Universal Health Services (UHS) extends CEO Marc D. Miller’s term and compensation
Rhea-AI Filing Summary
Universal Health Services, Inc. approved an amended and restated employment agreement for its Chief Executive Officer and President, Marc D. Miller. Under the new agreement, he will serve as CEO through a term scheduled to end on January 1, 2029, with automatic one-year renewals unless either party opts out.
Beginning in 2026, Mr. Miller’s base salary as CEO will be $1,575,000, a 5% increase over his 2025 base salary, and he will have an annual bonus target equal to 150% of his salary, subject to performance-based adjustment. He remains eligible for long-term incentive plan awards and a range of executive benefits, including insurance coverage, a company automobile, and personal use of fractionally owned aircraft.
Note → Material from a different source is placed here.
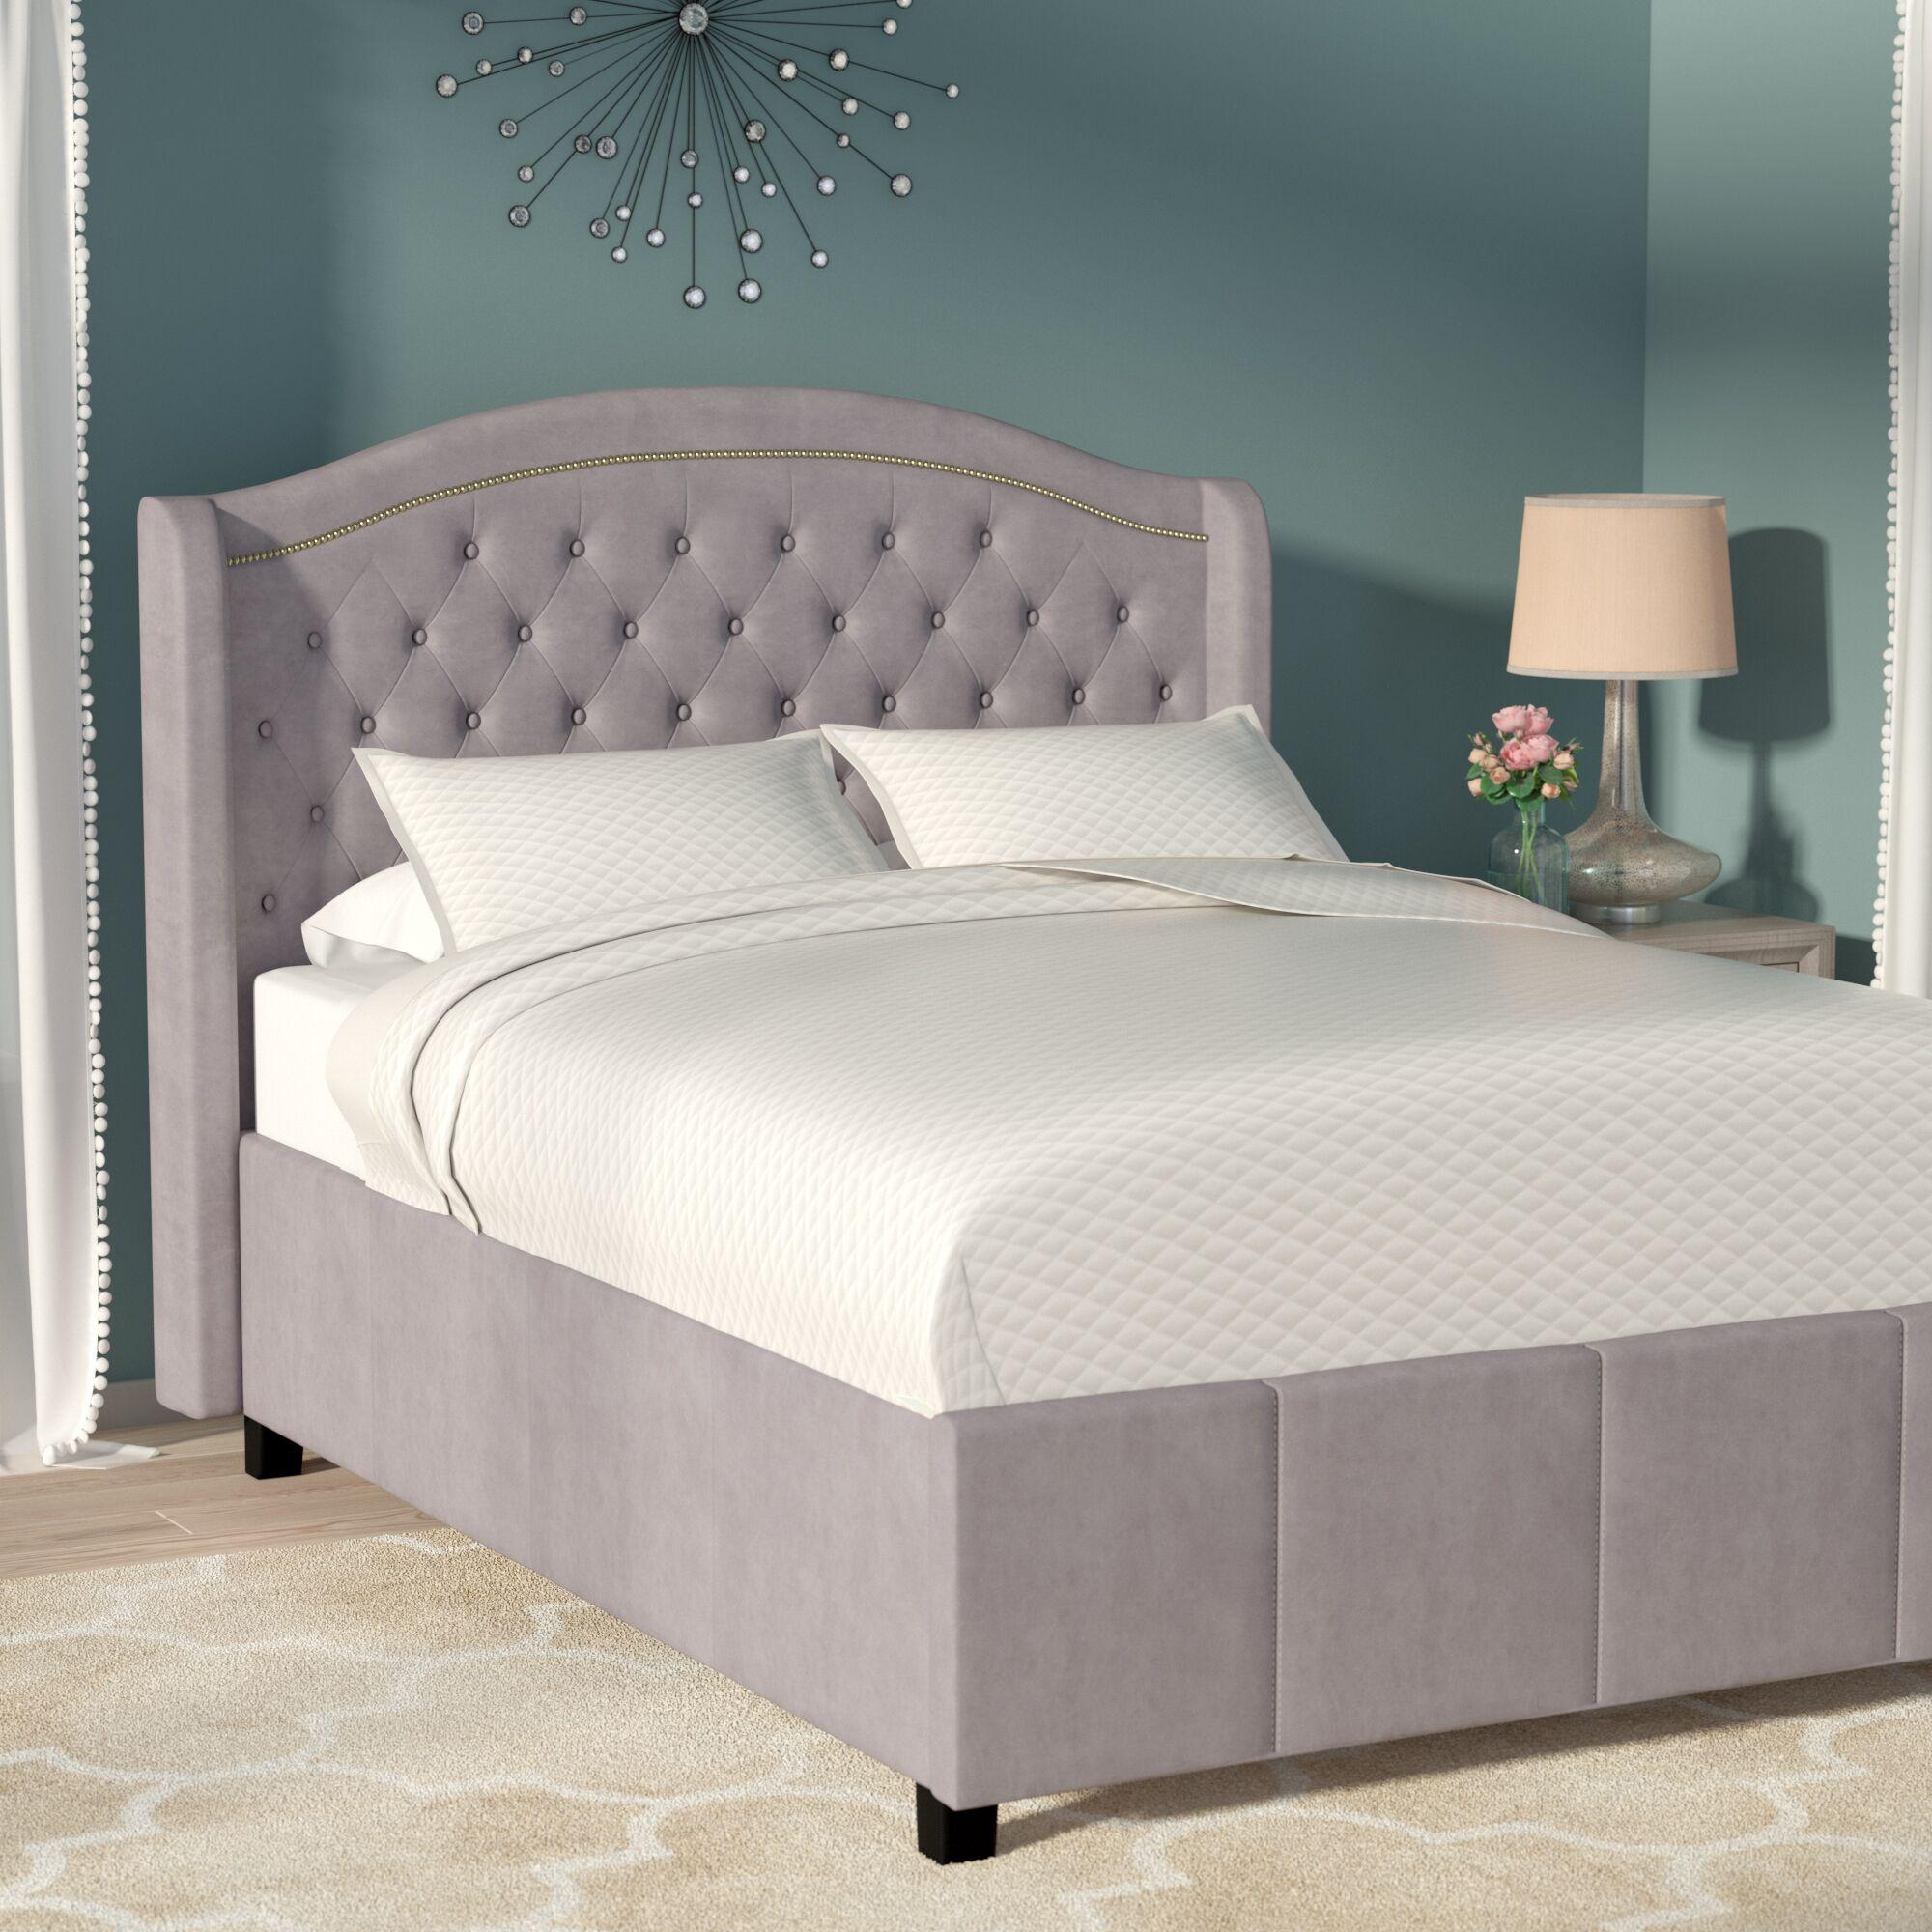 Adao Upholstered Platform Bed Size: Full

The agreement details treatment of bonuses and vesting of long-term stock-based awards upon termination in various scenarios, including disability, death, termination for cause, and termination without cause or for specified breaches. In certain termination situations, he may continue to receive his cash compensation, long-term equity incentives, and other benefits for the remainder of the term, with vesting of awards accelerating, subject to conditions such as a general release.
Positive
- None.
Negative
- None.
8-K Event Classification
FAQ
What executive agreement did UHS disclose for Marc D. Miller?
Universal Health Services, Inc. approved an amended and restated employment agreement for its CEO and President, Marc D. Miller, with obligations guaranteed by the company.
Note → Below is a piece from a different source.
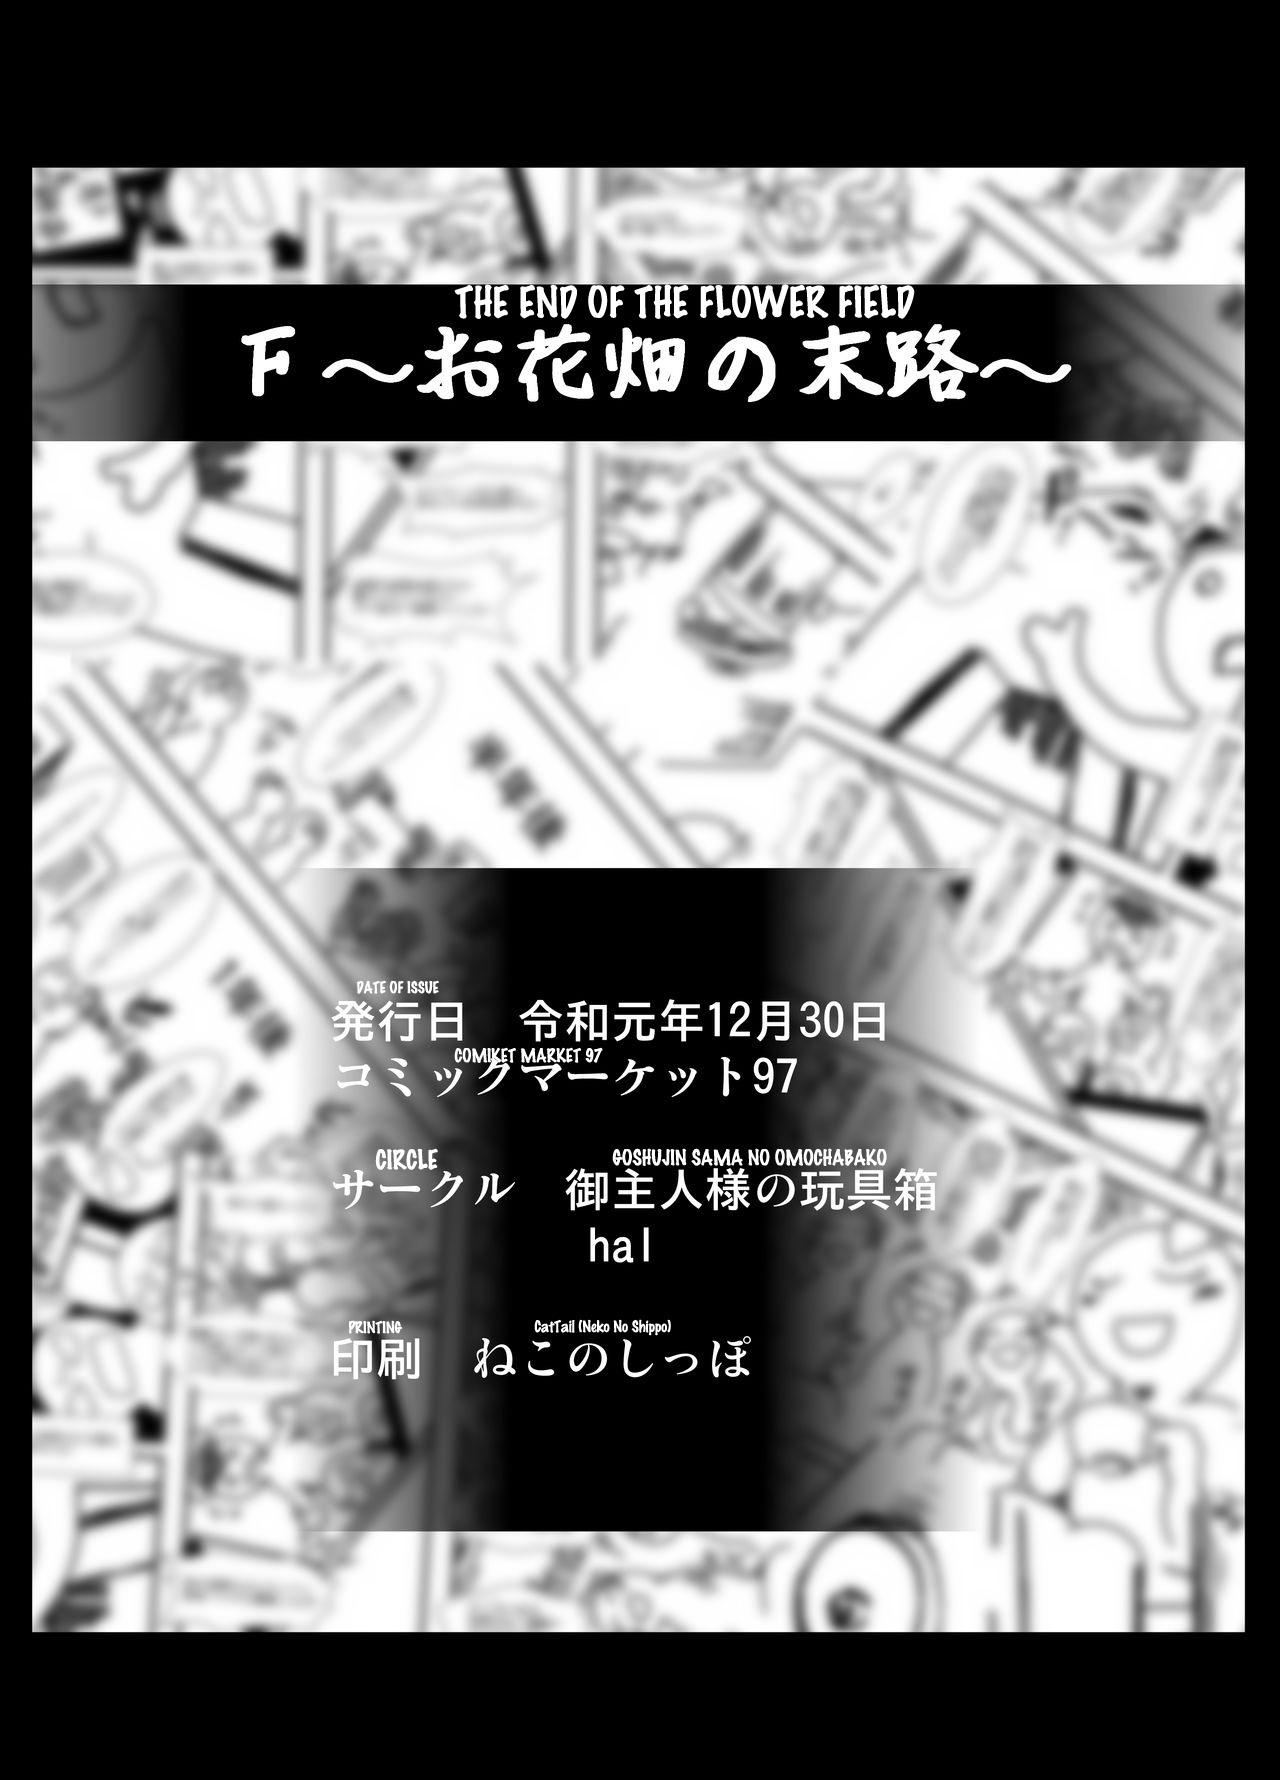 [Goshujinsama no Omochabako (hal)] F ~Ohanabatake no Matsuro~ | F ~ The End of the Flower Field ~ [English] [TAIPAN TRANSLATIONS] [Digital] 53

How long is Marc D. Miller’s new CEO term at UHS?
The agreement provides for Mr. Marc D. Miller to serve as CEO with a term scheduled to end on January 1, 2029, with automatic one-year renewals unless either party elects otherwise.
What is Marc D. Miller’s base salary and bonus target under the new UHS agreement?
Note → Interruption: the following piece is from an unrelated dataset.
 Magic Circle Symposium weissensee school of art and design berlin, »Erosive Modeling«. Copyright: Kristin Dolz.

For 2026, Mr. Marc D. Miller’s base salary as CEO will be $1,575,000, a 5% increase over his 2025 base salary, and his annual bonus opportunity target is 150% of his salary, subject to performance-based adjustment by the Board.
What long-term incentive and benefits does UHS provide to Marc D. Miller?
Mr. Marc D. Miller is eligible for annual awards under UHS long-term incentive plan(s) on terms consistent with other senior executives, with certain acceleration rights on a qualifying termination. He also receives company-paid health, disability and accident insurance, retirement benefits, a company automobile, personal use of fractionally owned aircraft with tax reimbursement, and reimbursement of business travel expenses as specified in the agreement.
How are Marc D. Miller’s equity awards treated if his CEO role ends at UHS?
In general, long-term stock-based incentive awards granted during or before his service as CEO will become fully vested when his employment as CEO ends, except if the company terminates him for cause or he voluntarily leaves before or at the end of the term in circumstances not involving a breach by the company.
What severance protections does Marc D. Miller have if UHS terminates him without cause?
If UHS terminates Mr. Marc D. Miller without cause or otherwise breaches his agreement, or if he resigns for specified material changes or breaches, he will generally continue to receive for the remainder of the term his cash compensation, long-term equity incentive compensation, and other benefits as if his service had not ended, and vesting of his long-term incentive awards will accelerate, subject to conditions such as a general release.
How does the UHS agreement address Marc D. Miller’s disability or death?
If Mr. Marc D. Miller’s employment ends due to disability, he is entitled to a pro rata portion of his annual bonus for that year plus an amount equal to one-half of his base salary, payable in twelve monthly installments. If his service ends due to death, his beneficiary receives accrued salary and reimbursements, a pro rata bonus for the year of death, and any life insurance benefits under company-maintained policies for which he designated the beneficiary.